Non-pythonic bokeh. Photo by Alex Iby on Unsplash
Non-pythonic bokeh. Photo by Alex Iby on Unsplash

Mass spectrometry (MS) data is conceptually simple. In a nutshell, it is a table with obligatory mass-to-charge values (m/z) and corresponding non-compulsory signal intensity, charge state, etc. But a mass spectrometrist harbors the deep-rooted yearning to really look at her data, which in the context of the field means to visually inspect the distribution of m/z and intensity values. A mass spectrum is traditionally represented as a sequence of vertical lines for discrete spectra or as a smooth continuous line for unprocessed data, with m/z on x-axis and intensity on y-axis. The range of values on both axes is typically very wide, so a zoom feature will come in handy when inspecting the spectrum. The exact m/z values are often important to the viewer, which makes it convenient to have numerical labels.

Researches often use proprietary vendor software to view mass spectra, but wouldn’t it be great to have simple and open-source options? Among what has been published in Python, the spectrum_utils [1] package provides the capability to display interactive mass spectra based on the Altair visualization library. In this post, I will share the recipe for plotting interactive MS visualizations using Bokeh, which, in my opinion, provides an amazing balance between simplicity and flexibility for creating interactive plots and dashboards.

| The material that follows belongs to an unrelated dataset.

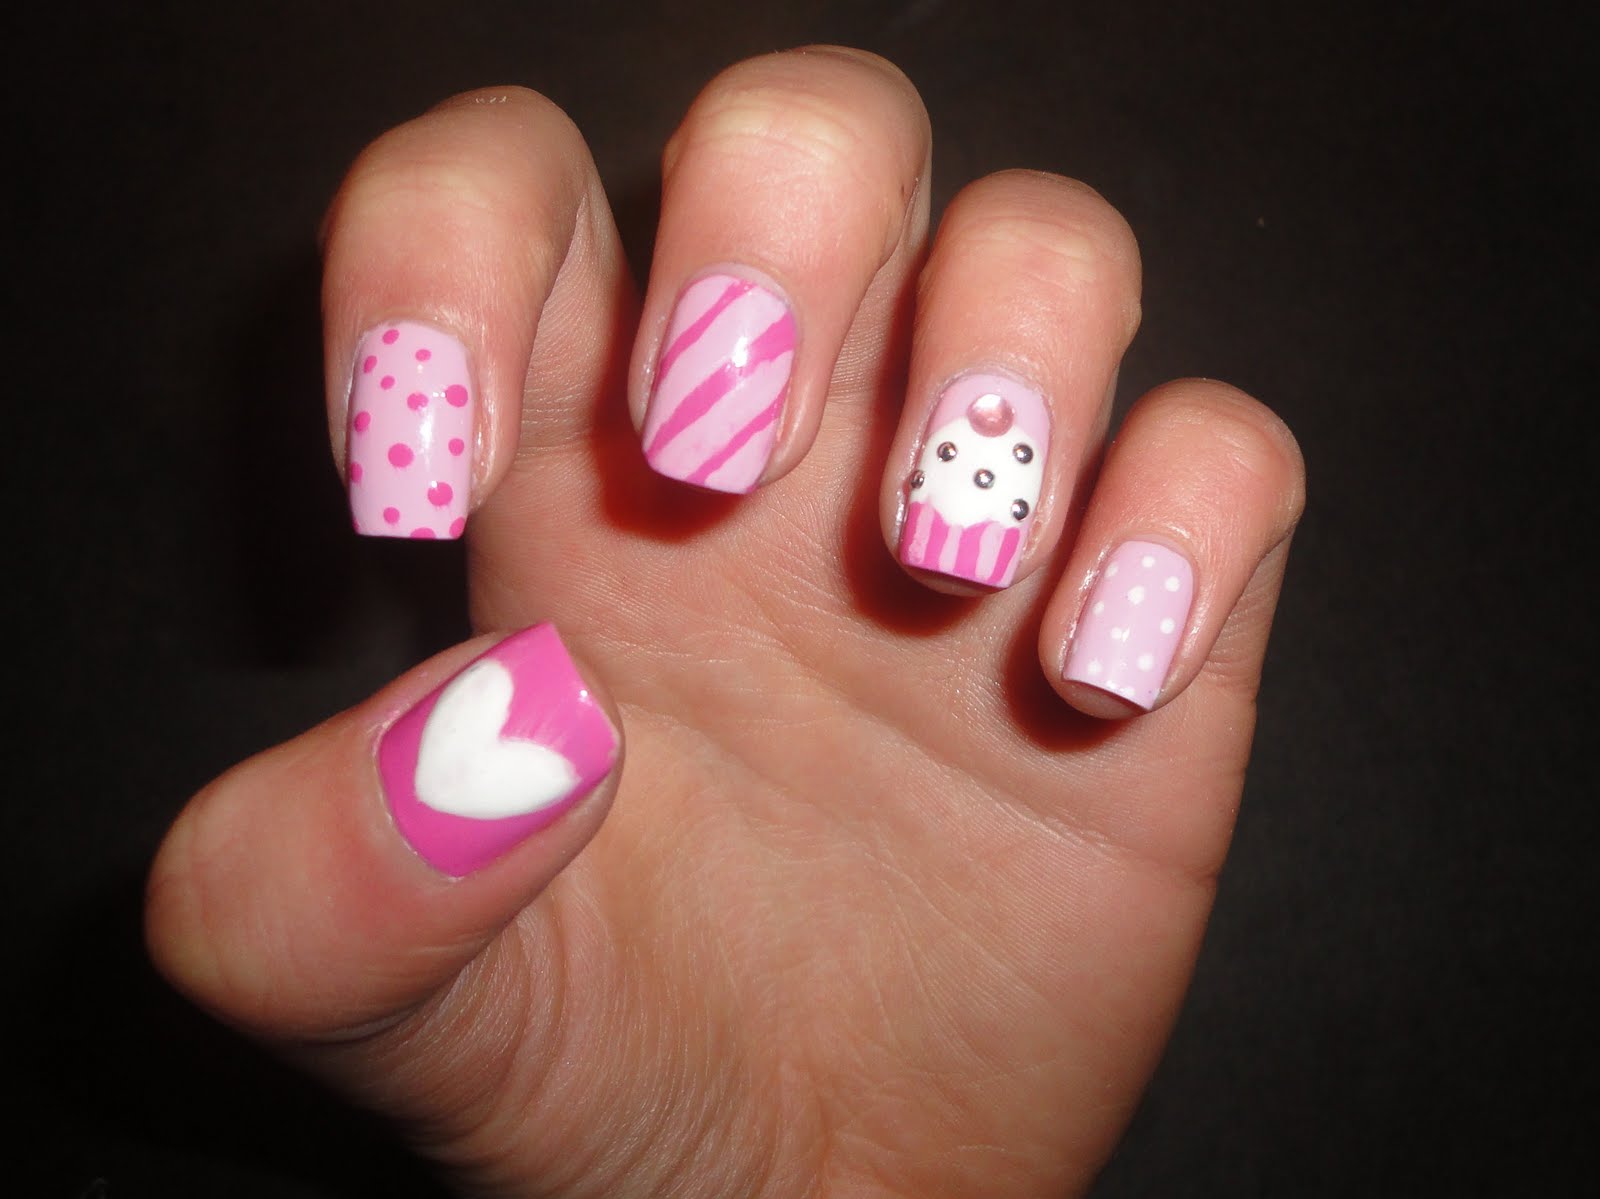 2. Cute and Easy Nail Designs - wide 2

Bokeh visualizations can have all the necessary data and interactive features embedded in an HTML document (standalone plots), or they can be connected to a running Python instance, giving access to a virtually limitless custom data processing. Standalone Bokeh plots can be saved and viewed in a web browser, or embedded in a Jupyter notebook. If you have fresh (as of May 2021) versions of Bokeh (2.3.1) and JupyterLab (3.0.14), installing jupyter_bokeh extension via pip or conda should suffice. With the extension in place, just call output_notebook(), and plots should appear in the notebook once you invoke the show() command. In addition, if you want to save the plot as an HTML file, add the command output_file(‘file name.html’).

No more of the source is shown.